During the very first week of my project aimed at no-pressure blogging, I spent a long time paralyzed by indecision on what I should blog about. Well. If anything, that proves that 52 Beats should be a useful exercise for me.
The thoughts going through my head went something like:
“I should totally talk about the Marie Kondo book I’ve been reading.” – “Is that really what you want to dedicate the whole weekly post to?”
“I should talk about the Bristol Zine Fair!” – “You can describe the entire experience in two sentences.”
“How about the whole introvert thing about having time and space to myself?” – “You’ve got friends who will take that personally and assume you hate them.”
“I think I want to take my laptop to a coffeeshop and blog from there.” – “Excellent, let’s establish that as a habit.” [and then spend weeks not blogging because we didn’t manage to get out to a coffeeshop that week]
So. I’m blogging from the corner of my couch, surrounded by the strewn-around results of the organizing kick I’ve been on thanks to the Marie Kondo book and the pieces of the costume I wore to the Bristol Zine Fair, and having taken the time and space to myself is the sole reason I’m still healthy and relatively sane after two ridiculously busy weeks.
And since I can’t decide on which of the three main subjects to blog about (four if we include the perfectionistic habit-building aspect), let’s have ourselves a three-part blog this week I’m going to talk about introversion, as this was the subject most frequently on my mind during this week.
(I had intended to have a multi-part blog, but the first segment ran long enough to make me want to procrastinate on the rest, and I know where that road leads.)
A couple of weeks ago, I was in the grips of a dilemma. I hadn’t had a proper day off in over a month, following a working trip, a house move, several weeks of remote freelance work without an internet connection at home (it’s exactly as fun as it sounds), a run-up to a comic convention with all associated deadlines, and a weekend exhibiting at that comic convention. I was satisfied with what I’d accomplished, but feeling rather exhausted, all the more so for knowing that I had another two weeks of work deadlines before I could catch a breather.
That breather would coincide with another comic con, which was held in Bristol, my current home, and which my closest friend and art partner were going to attend together. Which meant that the first few days I’d have away from most responsibilities, I’d also be unable to spend on my own. So I did the unthinkable. I told my friend I wasn’t ready to hang out again so soon.
It took me some forty-eight hours to build up the courage before putting forward a request for personal space. For me, that was an improvement on past performance.
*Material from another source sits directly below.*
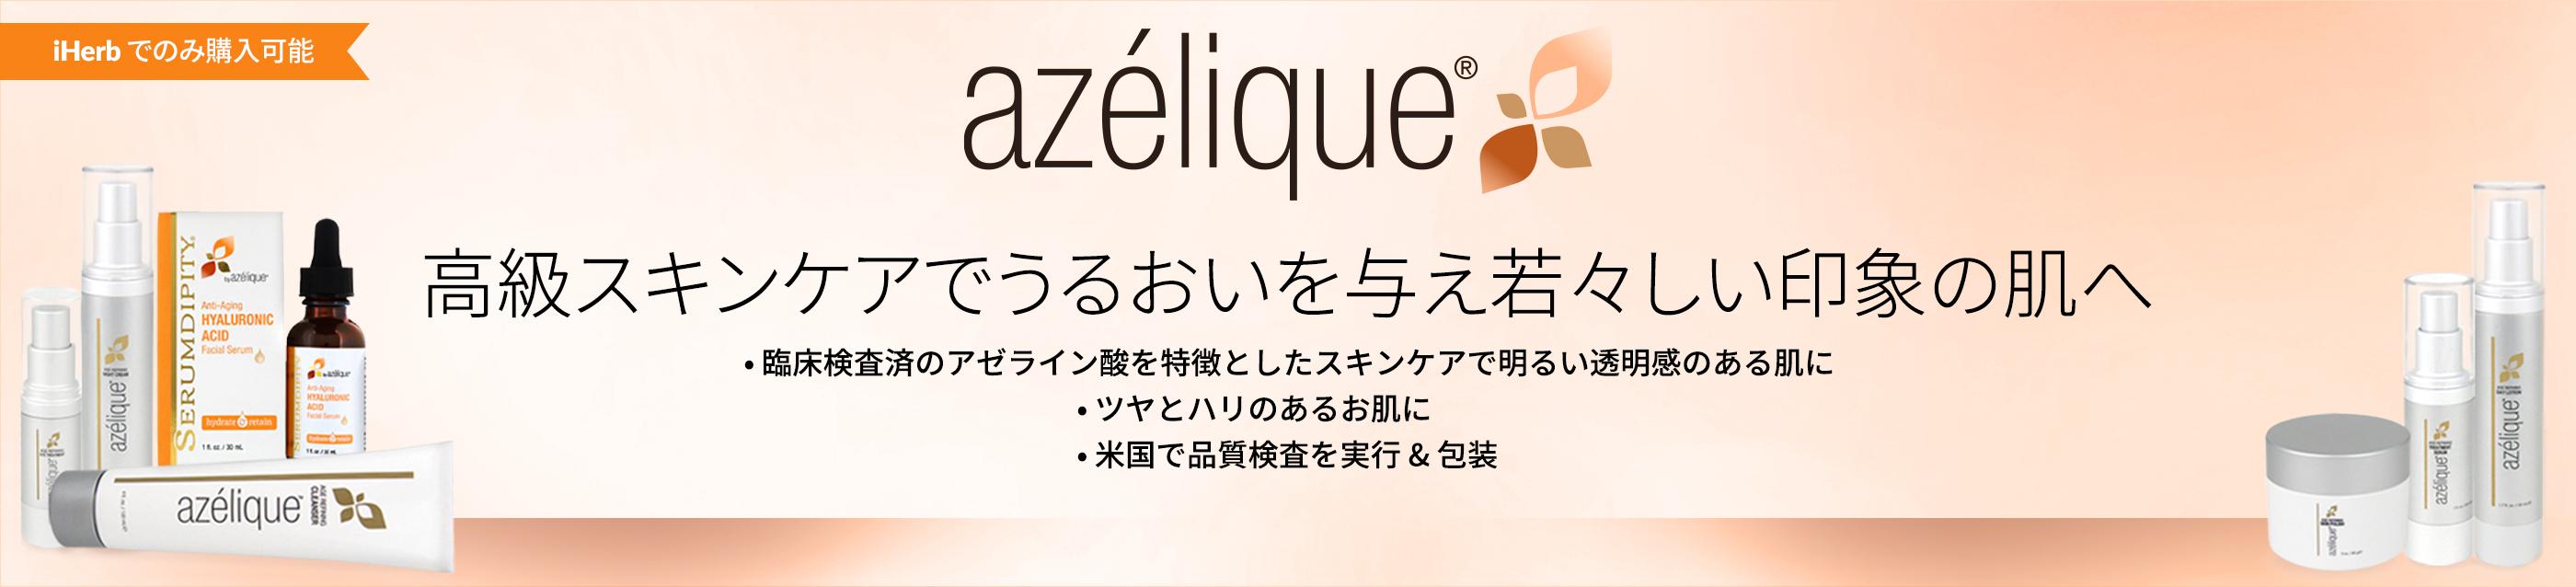 Azelique(アゼリーク)

My usual M.O. is to avoid requesting space, solitude or silence, and quietly letting my exhaustion levels build up until I start snapping at people.
Being an introvert sucks when you’re a people pleaser, and living in the western world doesn’t help. We’re all about social interactions and the net inflow of experiences/stuff, to the extent that choosing to abstain from either or both is only considered acceptable when one’s not feeling well. (Or perhaps for religious reasons.) For an introvert, it can be difficult to establish the boundaries, especially when other people around you genuinely mean well when they offer their company and comfort. Plus, it doesn’t help that with most things we use for pleasure and comfort, it’s difficult to provide a net outflow.
Consider this: it’s easy to offer to take someone shopping. Net inflow of experiences and stuff. But how do you offer the opposite? If you abstain from taking the person shopping, that preserves the status quo. If you pointedly abstain, that just makes everything weird. “How about we don’t go shopping?” – “Well, I wasn’t really going to, anyway.” – “No, but how about we specifically don’t?” – “Okay. Do I need to do anything?” – “No, I’m just pointing out that since you wouldn’t enjoy shopping, I’m suggesting we don’t do it.” – “…thank you?”
See the problem there? Trust me, I’m not painting extroverts as insensitive, either. I can imagine how frustrating it can be when the best way to help someone you care about is to leave them alone. Not in a “you’ve done enough, now get out of here” way. Rather, in that hard-to-believe paradigm of “I promise I’m not mad, and I still love you, but if I do this thing by myself, I’ll have more energy at my disposal than I will if you’re helping me.”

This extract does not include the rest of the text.